Study material below:

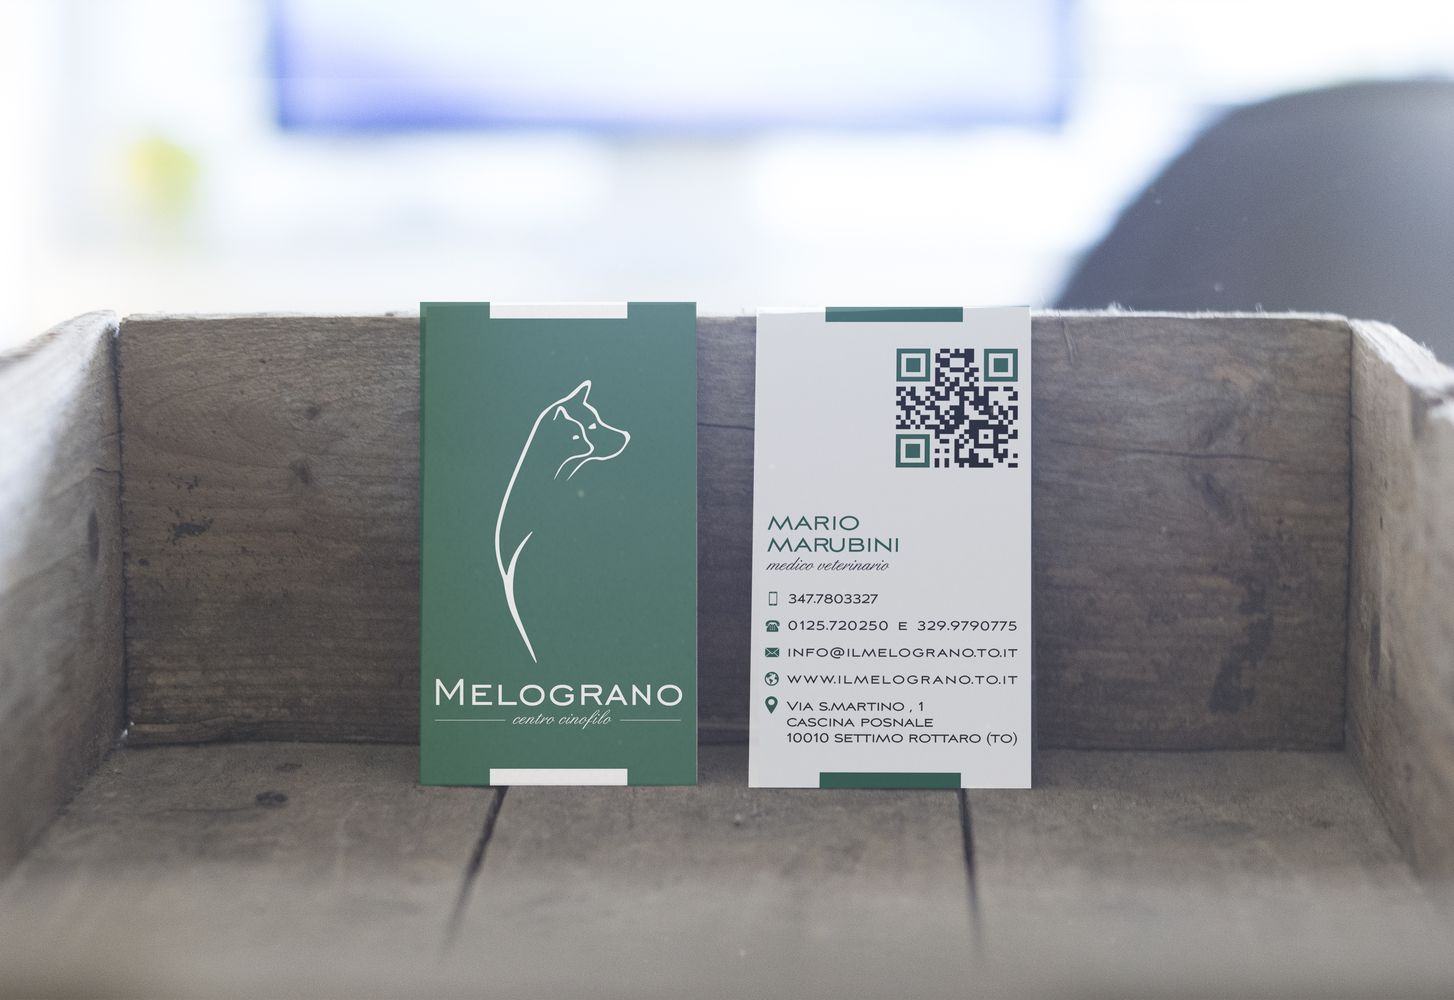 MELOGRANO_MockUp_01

End of Study material.
Study material below:

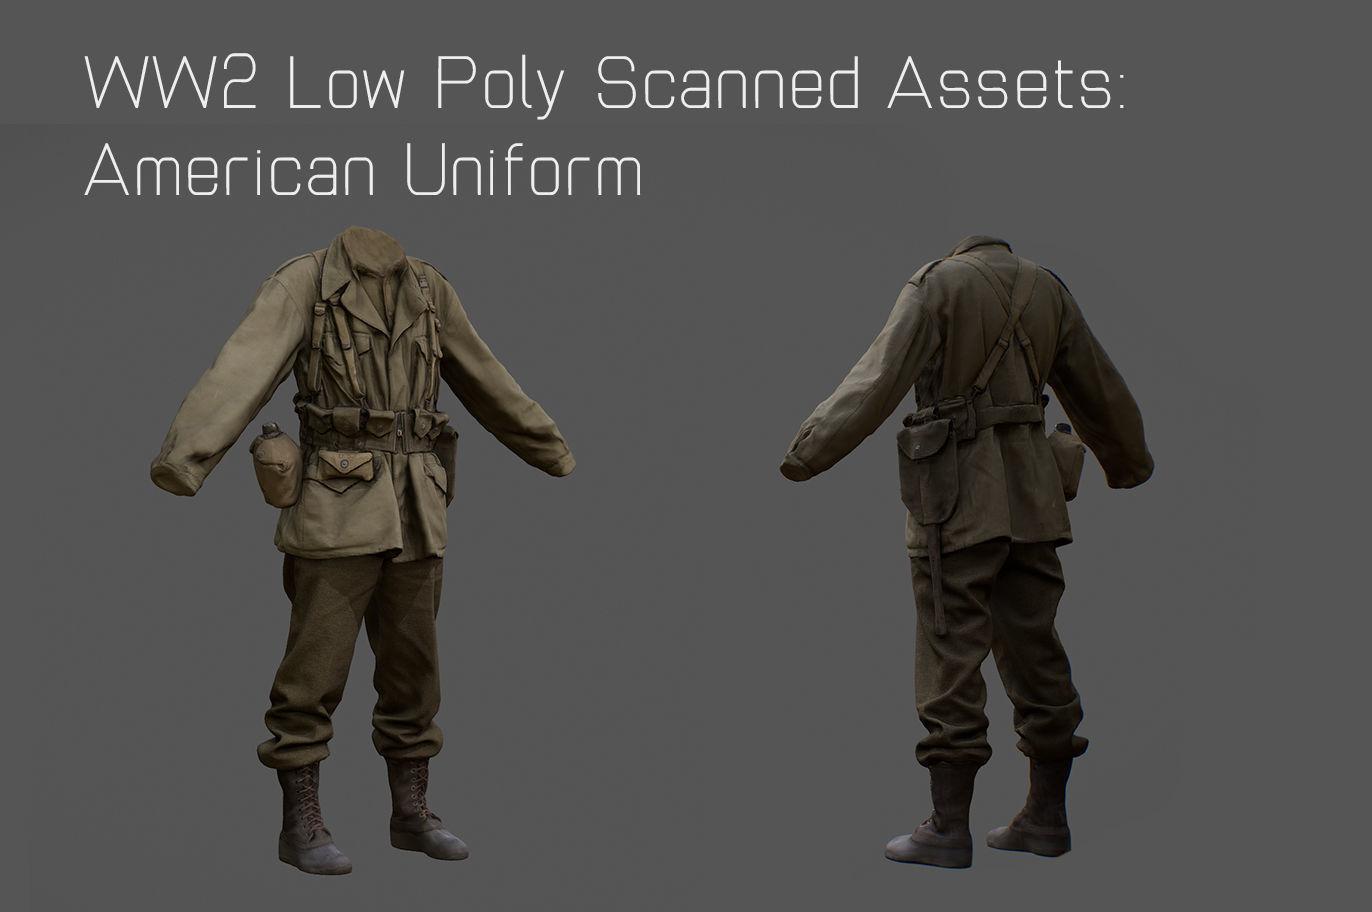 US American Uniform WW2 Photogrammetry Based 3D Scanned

End of Study material.
Study material below:

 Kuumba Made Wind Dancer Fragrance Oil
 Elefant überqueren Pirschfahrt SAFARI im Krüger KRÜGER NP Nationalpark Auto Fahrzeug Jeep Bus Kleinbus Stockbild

End of Study material.

* [Work request] Each line in the listing above from the one containing "Kuumba Made Wind Dancer Fragrance Oil" through the one containing "Elefant überqueren Pirschfahrt" should be repeated exactly, and no other line.

* [Final answer]
 Kuumba Made Wind Dancer Fragrance Oil
 Elefant überqueren Pirschfahrt SAFARI im Krüger KRÜGER NP Nationalpark Auto Fahrzeug Jeep Bus Kleinbus Stockbild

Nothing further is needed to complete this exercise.